Varieties Of Campaigns Seen Utilizing SEG Encoded URLs
There have been many several types of campaigns making use of SEG encoded URLs in Q2. Among the most typical themes had been content material requiring a signature and voicemail or withheld electronic mail notifications. As will be seen from the above Figures, DocuSign and Microsoft had been typically spoofed.
DocuSign
A lot of campaigns themed round content material requiring a signature spoofed DocuSign. Regardless of this spoofing, comparatively few of the campaigns made use of an precise DocuSign hyperlink which isn’t unusual amongst Credential Phishing emails spoofing DocuSign.

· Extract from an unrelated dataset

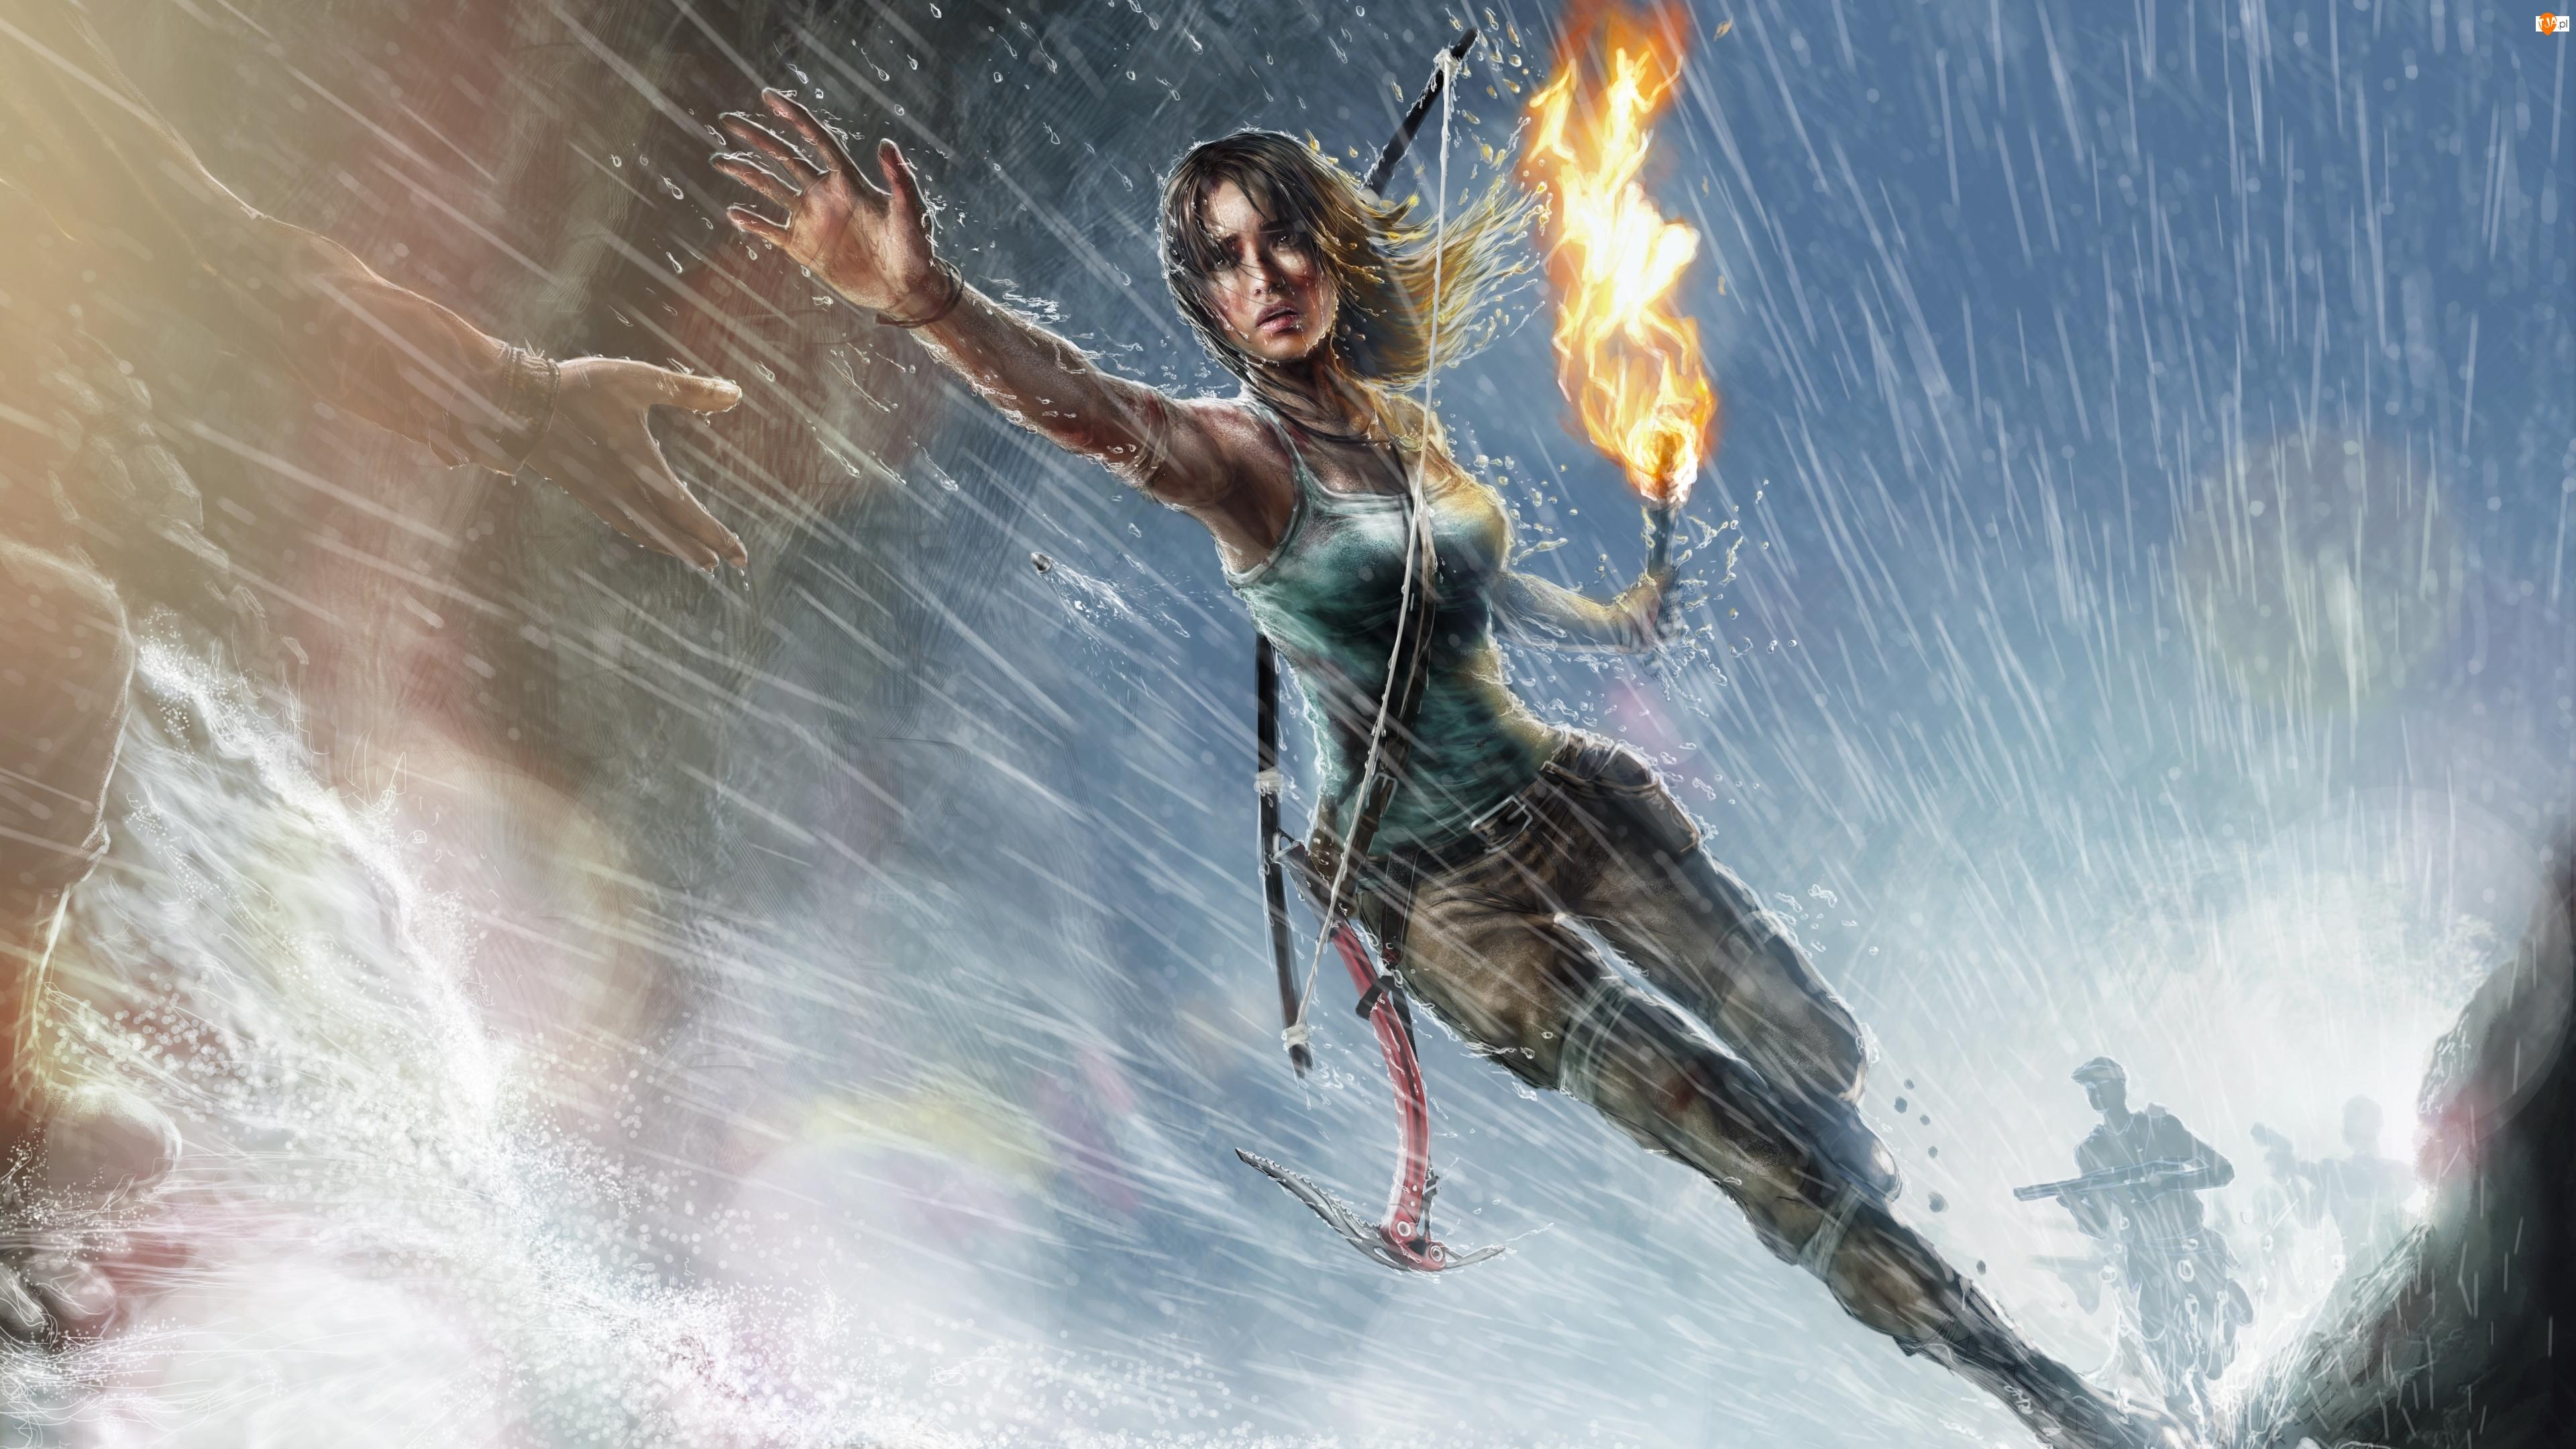 Lara Croft, Pochodnia, Gra, Łuk, Rise of the Tomb Raider, Ręka

That is possible as a result of the DocuSign hyperlinks are sometimes used to bypass SEGs and if the risk actor is already bypassing a SEG by encoding the malicious URL then they haven’t any want for an additional step that may get taken down.
Microsoft
Second solely to DocuSign, Microsoft was probably the most generally spoofed model in electronic mail campaigns making use of SEG encoded URLs in Q2 2024. Though not all of the Microsoft spoofing made sense, for instance, the Microsoft spoofing Time Sheet Report in Determine 3, it was nonetheless generally seen. It is a widespread tactic for risk actors in search of to abuse victims’ inherent belief in well-known manufacturers.